Di bagian yang terakhir ini, sebagai penutup dari seri ulasan pertanyaan, “Mengapa Allah Ta’ala menguji para manusia”, saya berikan sebuah judul pamungkas.
Alasan “kembali fitrah” di sini bukanlah saya maksud dengan kembali fitri atau suci, melainkan kembali kepada fitrah kita sebagai manusia.
Justru itu mengundang kepada pertanyaan lain, bagaimana sebuah ujian dapat menyadarkan kita sebagai manusia?
Inilah yang ingin saya bahas di penghujung seri artikel bertema ujian ini.
Setiap manusia pastinya memiliki gengsi agar mendapatkan lirikan positif dari orang lain.
Tetapi sayangnya, demi mendapatkan status “orang hebat” di mata orang lain, kebanyakan dari kita lupa bahkan menyangkal salah satu atau beberapa fitur atau kodrat sebagai manusia.
Salah satu fitur atau kodrat manusia adalah kemampuannya untuk menangis, baik laki-laki maupun perempuan, baik anak-anak maupun dewasa.
Apakah menangis itu cengeng? Tergantung. Menangis karena tidak mendapatkan balon? Ya. Menangis karena masalah hidup yang terlalu berat? Tentu bukan.
Bahkan para sahabat Nabi saw., yang terkenal gagah dan piawai di medan perang, ternyata mereka adalah orang-orang yang paling mudah menangis.
Manusia itu berfitur rapuh, layaknya barang pecah belah. Bahkan Allah Ta’ala sendiri yang memberikan pernyataan ini.
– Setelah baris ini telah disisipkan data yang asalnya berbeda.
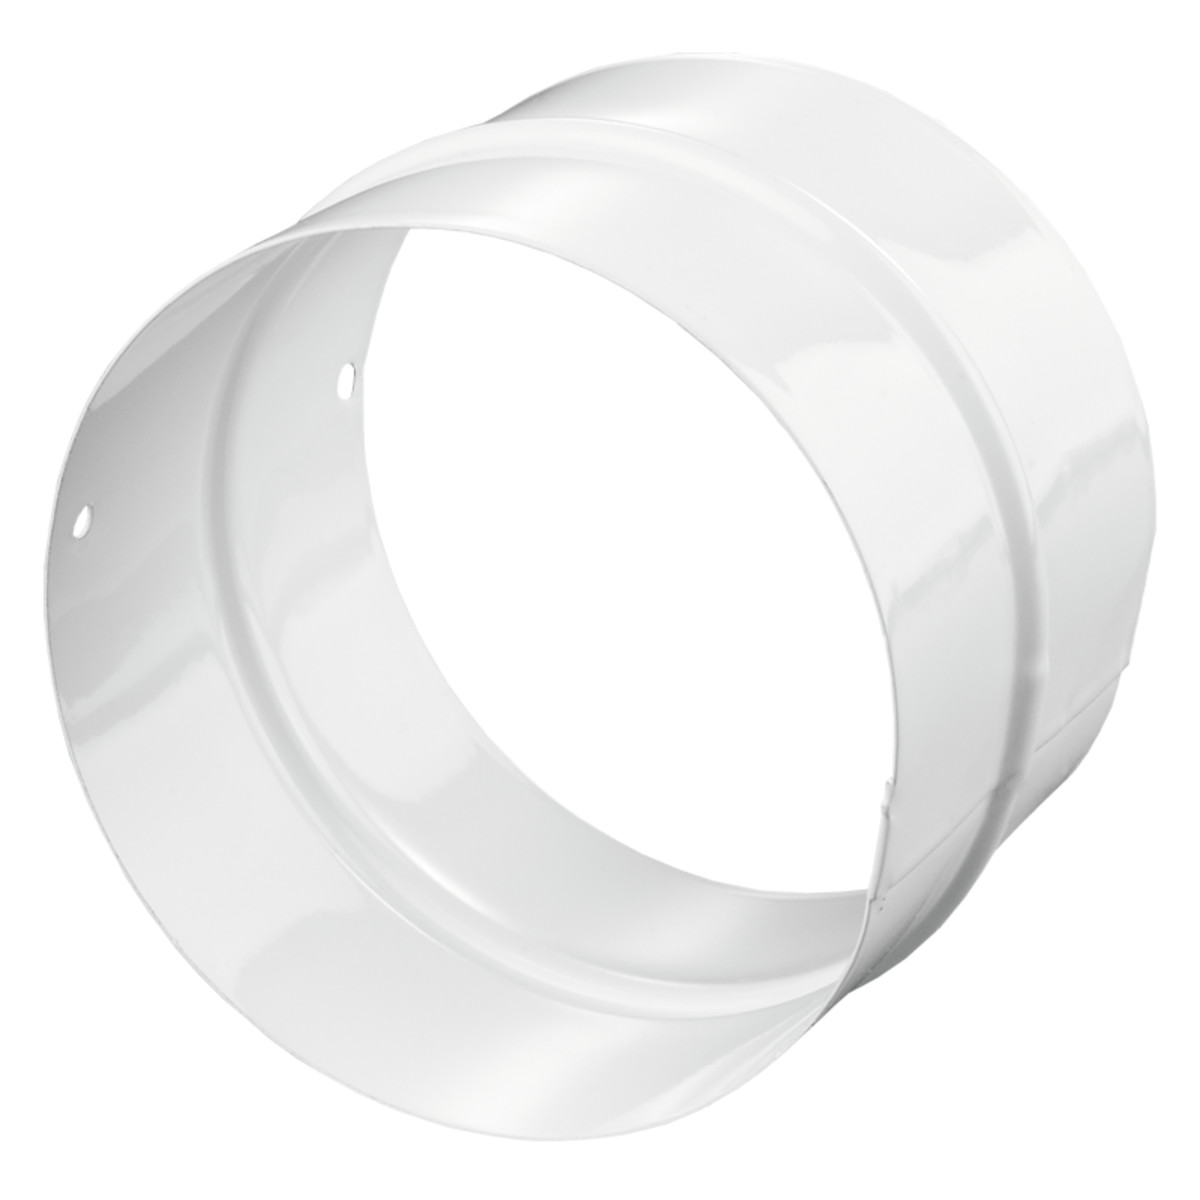 Переходник Вентс ПМ-100Ц Ø100 мм металл

Allah hendak memberikan keringanan kepadamu, dan manusia dijadikan bersifat lemah.
(QS. An Nisa: 28)
Dalam mengelola nafsu dan emosi, kadangkala kebanyakan kita tidak memiliki pengalaman yang cukup dan cenderung menggampangkan sesuatu.
Banyak sekali dari kita yang berpura-pura tegar, hanya karena khawatir akan mendapatkan cap lemah dari orang-orang sekitar.
Perlu kita ketahui, itu adalah anggapan toxic yang hanya berasal dari lingkungan toxic. Saran saya, hindarilah lingkungan seperti itu. Alhamdulillah saya sendiri tidak pernah mendapatkan anggapan seperti itu karena saya tipikal orang yang memilih-milih dalam bergaul.
If you want to cry, just cry. Jangan dengarkan orang-orang yang berlagak kuat karena kebanyakan mereka sudah putus asa mencari orang yang mau mendengarkan masalah mereka.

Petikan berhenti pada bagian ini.